[Data items]
:::

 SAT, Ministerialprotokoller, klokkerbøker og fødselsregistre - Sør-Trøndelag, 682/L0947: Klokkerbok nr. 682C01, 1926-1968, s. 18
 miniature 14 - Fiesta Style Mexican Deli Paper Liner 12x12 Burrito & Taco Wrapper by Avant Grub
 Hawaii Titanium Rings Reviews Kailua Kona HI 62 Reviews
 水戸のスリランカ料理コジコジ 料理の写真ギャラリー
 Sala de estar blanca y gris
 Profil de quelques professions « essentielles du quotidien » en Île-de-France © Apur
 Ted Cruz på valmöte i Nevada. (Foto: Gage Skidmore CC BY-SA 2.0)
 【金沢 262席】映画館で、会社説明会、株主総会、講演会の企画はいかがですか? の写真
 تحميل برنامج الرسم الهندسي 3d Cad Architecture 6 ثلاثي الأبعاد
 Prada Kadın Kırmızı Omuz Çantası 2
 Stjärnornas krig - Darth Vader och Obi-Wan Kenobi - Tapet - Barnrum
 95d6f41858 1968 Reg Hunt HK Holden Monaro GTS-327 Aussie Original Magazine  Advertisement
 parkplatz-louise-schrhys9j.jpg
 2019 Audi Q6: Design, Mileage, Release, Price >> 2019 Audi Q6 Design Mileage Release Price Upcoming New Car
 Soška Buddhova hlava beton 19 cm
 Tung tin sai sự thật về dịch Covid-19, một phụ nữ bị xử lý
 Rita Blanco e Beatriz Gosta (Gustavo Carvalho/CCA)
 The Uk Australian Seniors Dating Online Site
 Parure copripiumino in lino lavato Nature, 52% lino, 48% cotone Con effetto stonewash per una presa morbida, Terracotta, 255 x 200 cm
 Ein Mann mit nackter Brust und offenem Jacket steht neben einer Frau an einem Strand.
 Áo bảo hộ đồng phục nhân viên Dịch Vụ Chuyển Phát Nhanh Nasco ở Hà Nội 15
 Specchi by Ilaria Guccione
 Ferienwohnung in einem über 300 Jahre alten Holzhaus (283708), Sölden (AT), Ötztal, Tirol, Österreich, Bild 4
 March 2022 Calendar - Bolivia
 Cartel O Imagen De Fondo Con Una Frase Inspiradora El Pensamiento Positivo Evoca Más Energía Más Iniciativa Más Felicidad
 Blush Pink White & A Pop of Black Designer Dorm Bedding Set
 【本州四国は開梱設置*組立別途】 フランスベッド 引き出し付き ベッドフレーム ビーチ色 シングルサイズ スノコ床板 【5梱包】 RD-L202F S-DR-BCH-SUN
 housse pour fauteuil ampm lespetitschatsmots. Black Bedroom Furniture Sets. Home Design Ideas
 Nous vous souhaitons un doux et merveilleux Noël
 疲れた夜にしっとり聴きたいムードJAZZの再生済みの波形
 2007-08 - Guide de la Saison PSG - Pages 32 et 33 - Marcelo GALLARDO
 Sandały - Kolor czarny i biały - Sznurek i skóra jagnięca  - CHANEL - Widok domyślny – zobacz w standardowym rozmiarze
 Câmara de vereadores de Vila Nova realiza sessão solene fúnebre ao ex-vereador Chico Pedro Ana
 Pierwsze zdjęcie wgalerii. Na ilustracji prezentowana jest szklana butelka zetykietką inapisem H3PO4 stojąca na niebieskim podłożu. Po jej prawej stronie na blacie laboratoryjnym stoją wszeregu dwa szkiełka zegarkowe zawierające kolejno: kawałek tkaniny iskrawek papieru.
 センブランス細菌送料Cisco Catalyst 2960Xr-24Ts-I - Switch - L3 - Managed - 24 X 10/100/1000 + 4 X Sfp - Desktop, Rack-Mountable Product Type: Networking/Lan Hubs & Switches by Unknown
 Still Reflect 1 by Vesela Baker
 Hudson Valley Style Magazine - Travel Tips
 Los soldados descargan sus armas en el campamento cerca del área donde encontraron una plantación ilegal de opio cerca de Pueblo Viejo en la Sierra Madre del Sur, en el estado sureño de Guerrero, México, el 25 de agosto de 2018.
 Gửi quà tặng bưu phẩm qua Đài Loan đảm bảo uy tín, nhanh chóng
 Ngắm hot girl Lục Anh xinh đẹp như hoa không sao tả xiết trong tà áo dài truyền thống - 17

:::

WHAT IS BEING ASKED: Throughout the data above, report every line that contains the string "Black".

EXERCISE RESULT:
 Blush Pink White & A Pop of Black Designer Dorm Bedding Set
 housse pour fauteuil ampm lespetitschatsmots. Black Bedroom Furniture Sets. Home Design Ideas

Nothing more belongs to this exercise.